Je demande l’addition, la patronne m’apporte un ticket qui m’évite de faire répéter le montant, elle se penche par dessus le comptoir… je me penche aussi et, certainement pour la détruire définitivement, elle m’hurle dans l’oreille la question qui la turlupine depuis le début : d’où vient mon accent !
Tout le monde s’arrête de parler et me regarde, à la télé la souris laisse tomber sur le chat une grosse enclume, j’éclate de rire pour une raison qu’elle ne comprendra jamais et lui dit : francès ! Elle est très étonnée mais ne dis rien.
Il faudra que j’arrête de rouler les R, si ça se trouve j’ai l’accent Bulgare.

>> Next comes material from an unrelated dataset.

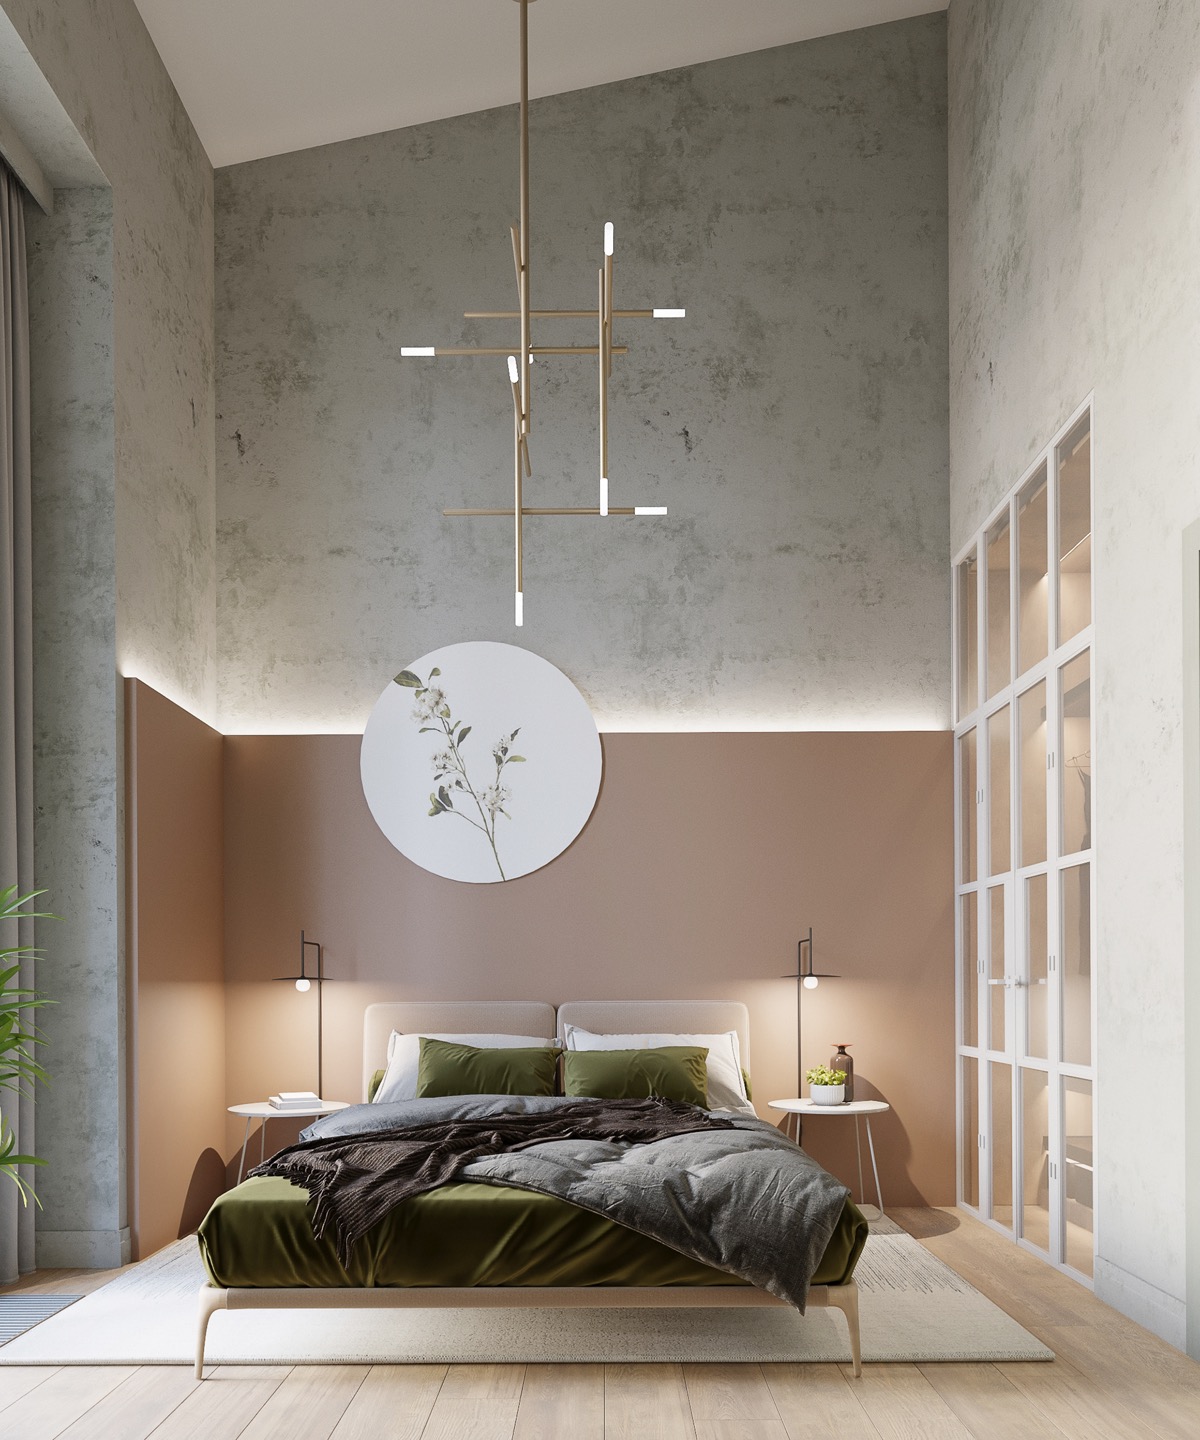 Trong phòng ngủ này, ánh sáng được thiết kế vô cùng khéo léo, vừa đủ để thắp sáng mà không tạo cảm giác nóng bức, kết hợp ăn ý với màu sơn tường.

Une bulle invisible explose lorsque j’atteins la voiture. Il demeure comme un sifflement persistant dans l’oreille.
Le bruit déstabilise et le dommage collatéral se situe peut-être sur le plan psychologique.
Je souffle, mi mars il fait 26°, je lève les yeux vers un clocher mudejar tordu que je n’avais pas vu _ il semble fuir le bar, se tournant vers le désert. Tout comme les cigognes il me rappelle le pays où je suis né, pays bientôt perdu une deuxième fois suite aux radotages présents de l’histoire, je ressens de la fatigue et de la tristesse.
D’accord, la fatigue vient certainement du Cabezo del Fraile. Cependant, je ne sais pas si c’est un proverbe mais j’ai le sentiment désastreux que ça pourrait l’être : Perdu deux fois, perdu à jamais… Je mets donc une majuscule à Perdu, c’est la règle après deux points.

Pradilla de Ebro (Aragon-Ribeira alta del Ebro)

Ascension du cabezo Del Fraile (Navarre-Bardenas La Negra)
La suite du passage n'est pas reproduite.